- Genre: Literary festival
- Begins: May
- Frequency: Annual
- Locations: Sydney, New South Wales, Australia
- Years active: 29
- Inaugurated: 1997
- Participants: 300
- Attendance: 100,000
- Website: www.swf.org.au

= Sydney Writers' Festival =

Annual literary festival held in Sydney, Australia

The Sydney Writers' Festival (SWF) is an annual literary festival held in Sydney in May, with the inaugural festival taking place in 1997. The 2020 event was cancelled due to the COVID-19 pandemic in Australia.

==History==
The festival began in January 1997, with most events initially held at the State Library of New South Wales.
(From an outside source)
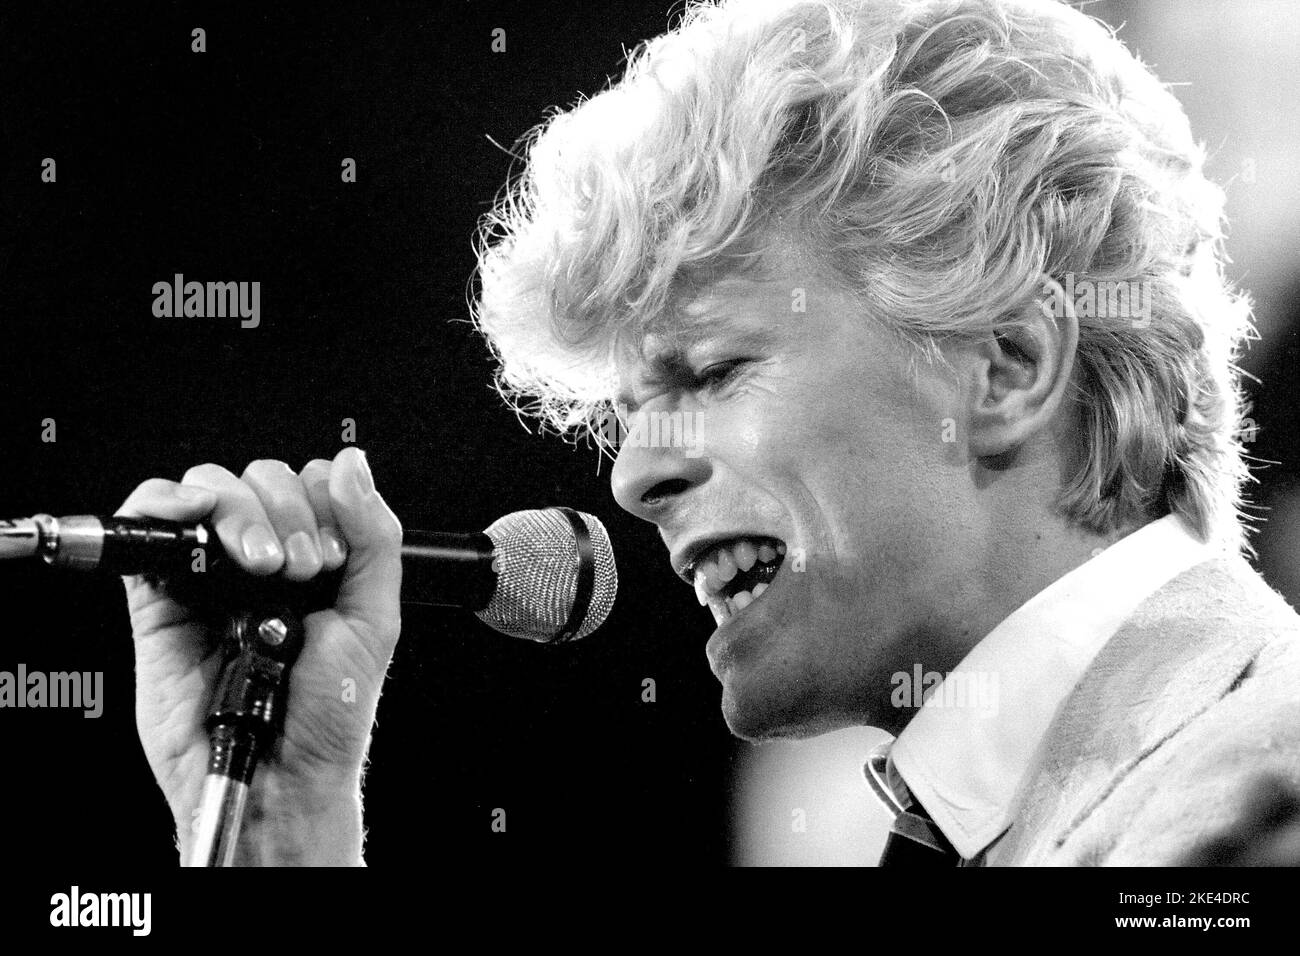 David Bowie in het Feijenoord stadion 1983. Rotterdam-Netherlands. Serious Moonlight Tour. Live on stage David Bowie.-vvbvanbree. Stock Photo

The first independent Sydney Writers' Festival ran from 12 to 17 May 1998, with 169 participants appearing in venues in, and around, the centre of Sydney.

Since then, the Festival has rapidly expanded. Events have also been held at venues stretching across Sydney, including Roslyn Packer Theatre, Sydney Town Hall, City Recital Hall, and Sydney Opera House. Events are also regularly held in regional and suburban locations including Parramatta, Ashfield, Auburn, Blacktown, Bankstown, Campbelltown, Hornsby, Penrith, Blue Mountains and Wollongong.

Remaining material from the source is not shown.